Ben hiçbir hesabın içinde olmadım. Üç, beş maaşın ya da rastgele bir vazife talep etmedim. Allah bana bütün misyonları nasip etti. Bundan sonra da şunu verin diyecek halim yok. Lakin AK Parti’nin Tayyip Bey’in başarılı olmasını istiyorum. Tekrar seçim kazanmasını istiyorum. İçim yanıyor ve bu feryadımı bazen ölçülü olarak lisana getiriyorum…”
“SEÇİMİ TAM GÜNÜNDE YAPMAK ALLAH’IN BUYRUĞU DEĞİL; SEÇİM HER VAKİT ERKENE ALINABİLİR”
“Adayların belirlenmesi için makul bir vakit var. Tayyip Beyefendi tekrar aday olmak ve kazanmak ister. Bunun için yeni bir açıklama yapmasına gerek yok. Zati Cumhurbaşkanlığı seçim kanununa nazaran diğerleri da aday gösterebiliyor. Erdoğan kesinlikle adaylığını kendi açıklamalıdır kanısında değilim. O, ona ilişkin bir yetkidir. Olur mu diyorsanız? Ben aday olacağını düşünüyorum.

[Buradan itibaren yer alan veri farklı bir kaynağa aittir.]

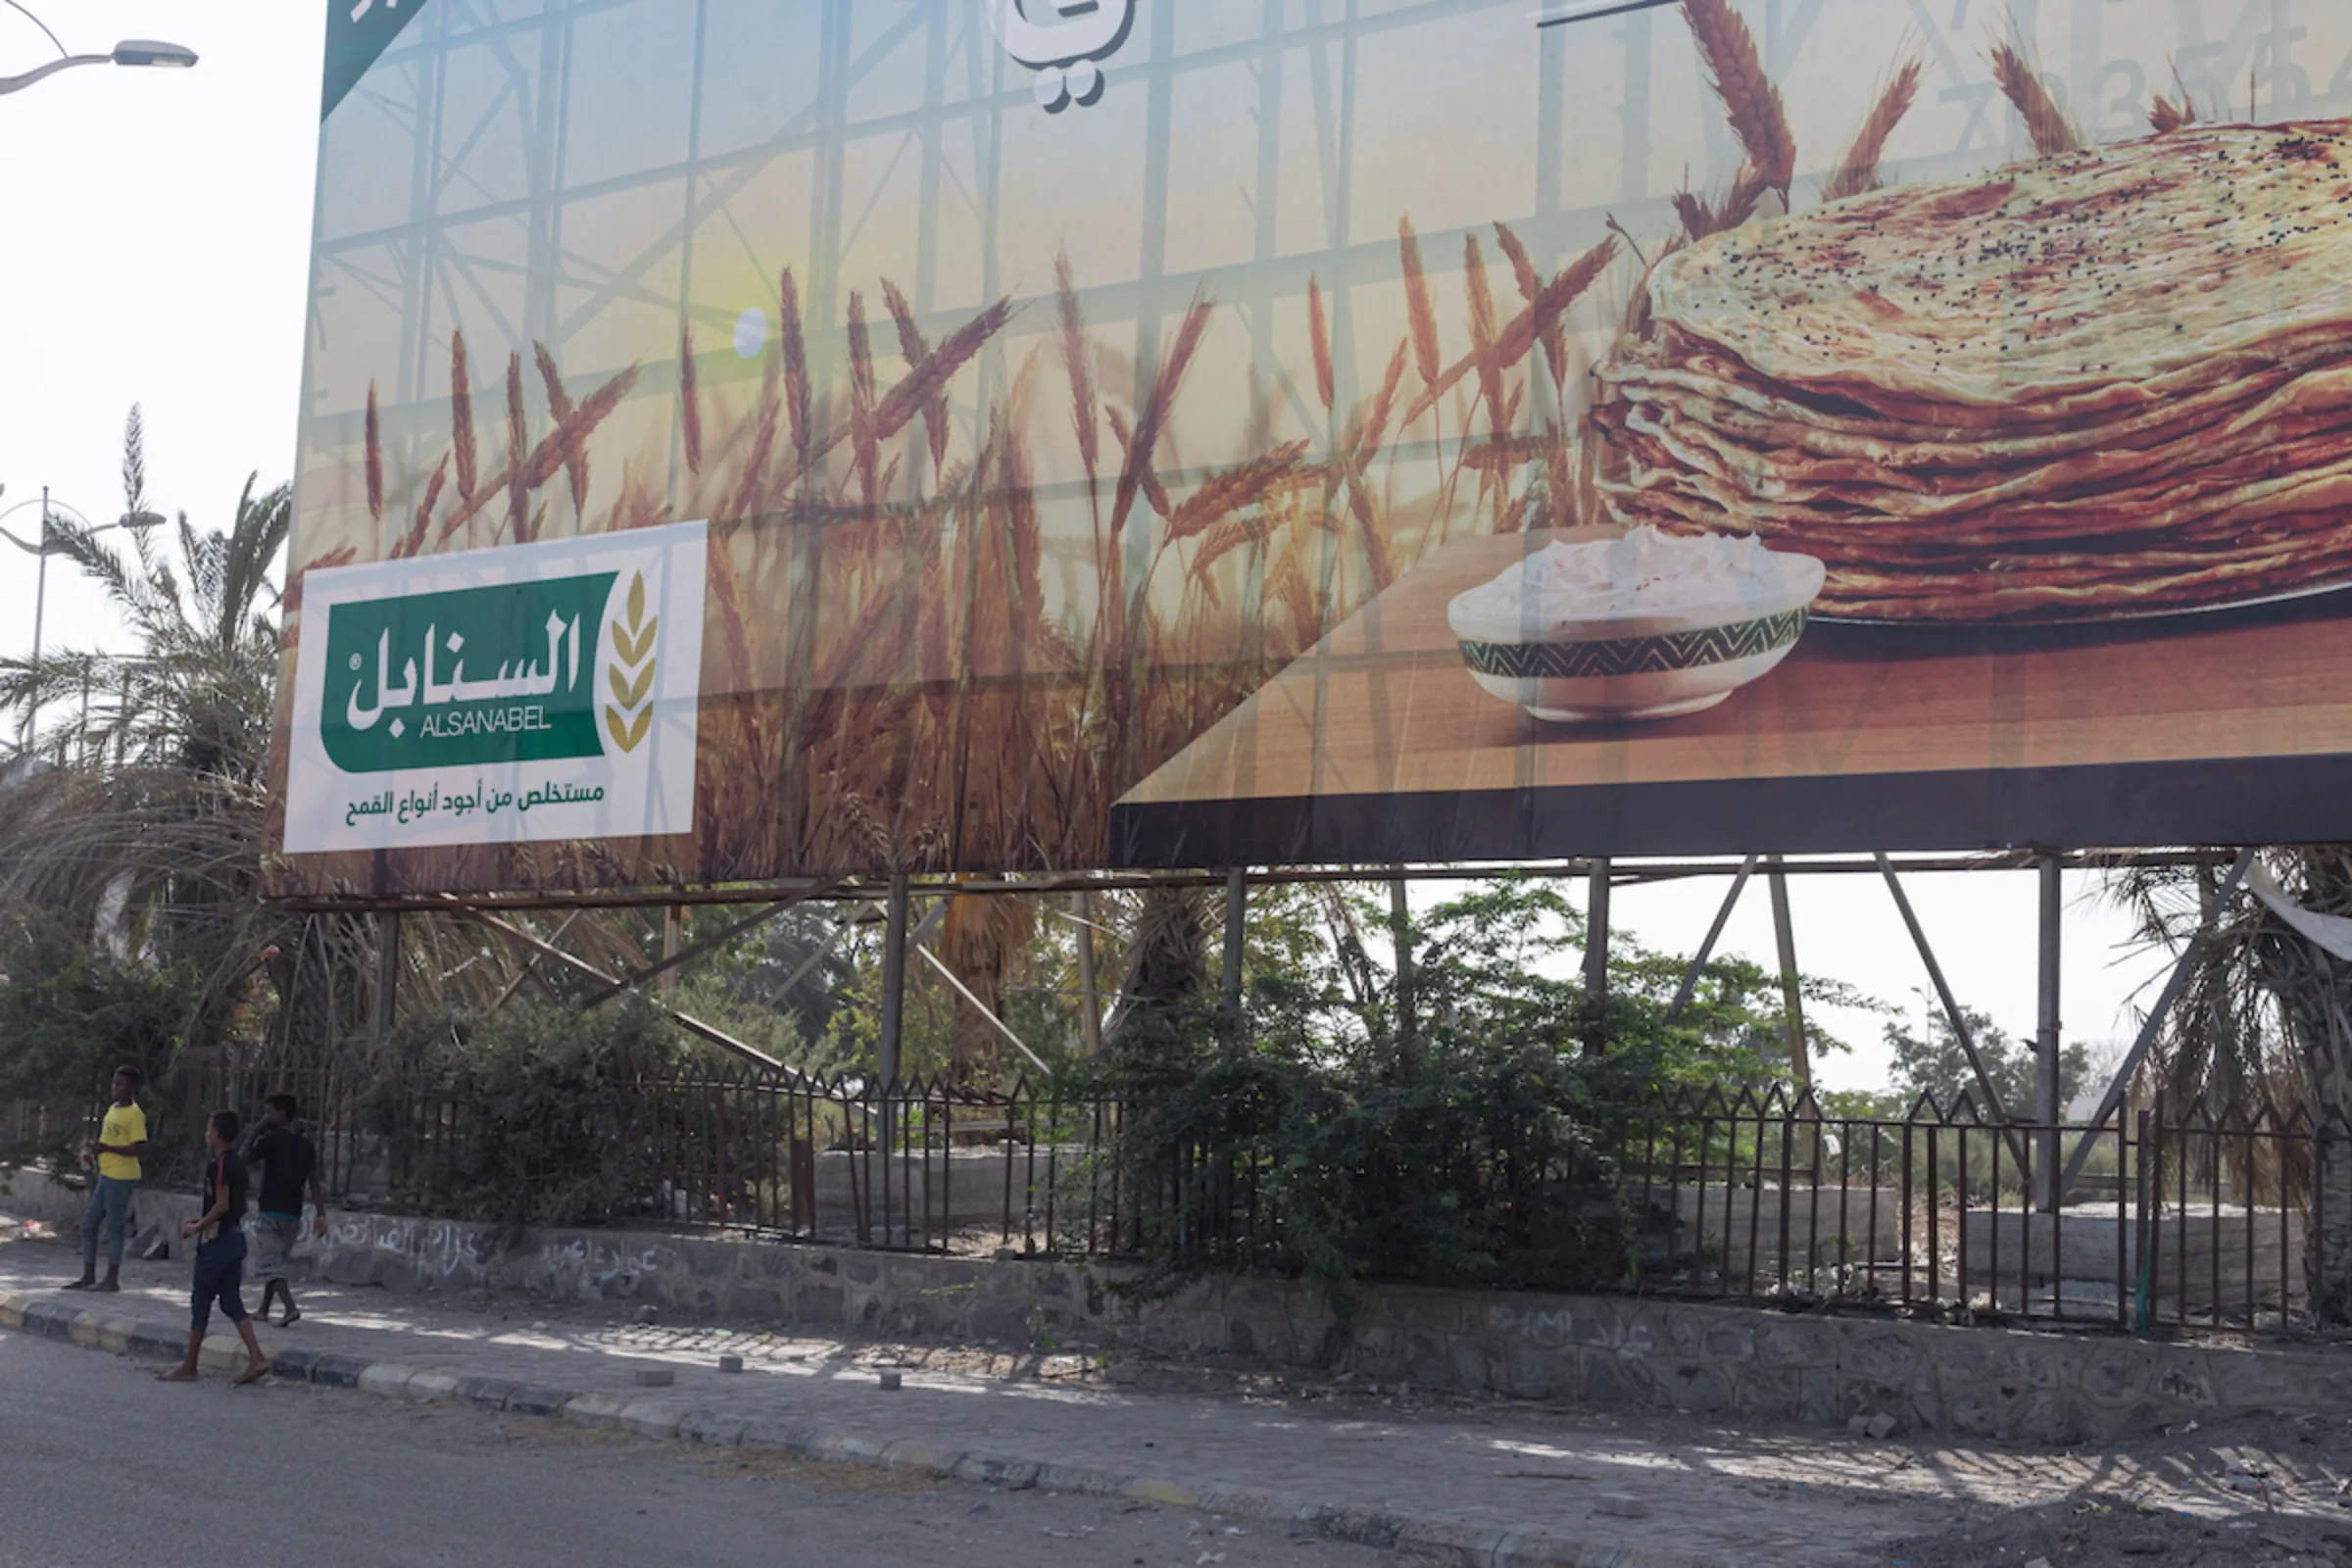 Men stand beneath a billboard advertising wheat flour, in Aden, Yemen, on February 21, 2022. Thomson Reuters Foundation/Sam Tarling

Öbür taraf da (Millet İttifakı) adayını istediği vakit açıklama özgürlüğü var. Bunun getirisini, götürüsünü her iki taraf da düşünüyordur.
Seçimi tam gününde yapmak Allah’ın buyruğu değil, 3,5 ay öncesine de alınır. Yüksek Seçim Şurası’nın (YSK) kendisi için gerekli gördüğü müddet zannediyorum iki, üç aydır. O müddete dikkat edilerek seçim her vakit erkene alınabilir.”
“PARTİLİ CUMHURBAŞKANLIĞI TARTIŞILIR”
“Cumhurbaşkanı’nı bize Meclis’te seçtirmediler. Aslında bugün olumsuz görülen şeylerin müsebbibi CHP’nin o zamanki tavrıdır. Şayet CHP 367’ye sığınıp parlamentoda seçime pürüz olmasa idi Cumhurbaşkanı Meclis tarafından seçilecekti tahminen halkın seçmesi gündeme gelmeyecekti.
Cumhurbaşkanlığı hükümet sistemi tartışılıyor. Bu tartışmanın önüne geçmek mümkün değil. Uygulamada görülen aksaklıklarla ilgili Hükümet içinde Sayın Fuat Oktay uyumunda bir çalışma yapılmıştı. Yani Cumhurbaşkanlığı Hükümet Sistemi ile dört seneyi geride bırakıyoruz.
Sayın Cumhurbaşkanımızın bu sisteme adapte olduğu bundan vazgeçmek istemeyeceğini biliyorum. O yüzden halk tarafından kabul edilmiş sistemin devam edip etmeyeceğini Sayın Cumhurbaşkanımız belirleyecektir. Esasen ittifak ortağı da birebir düşünüyor.”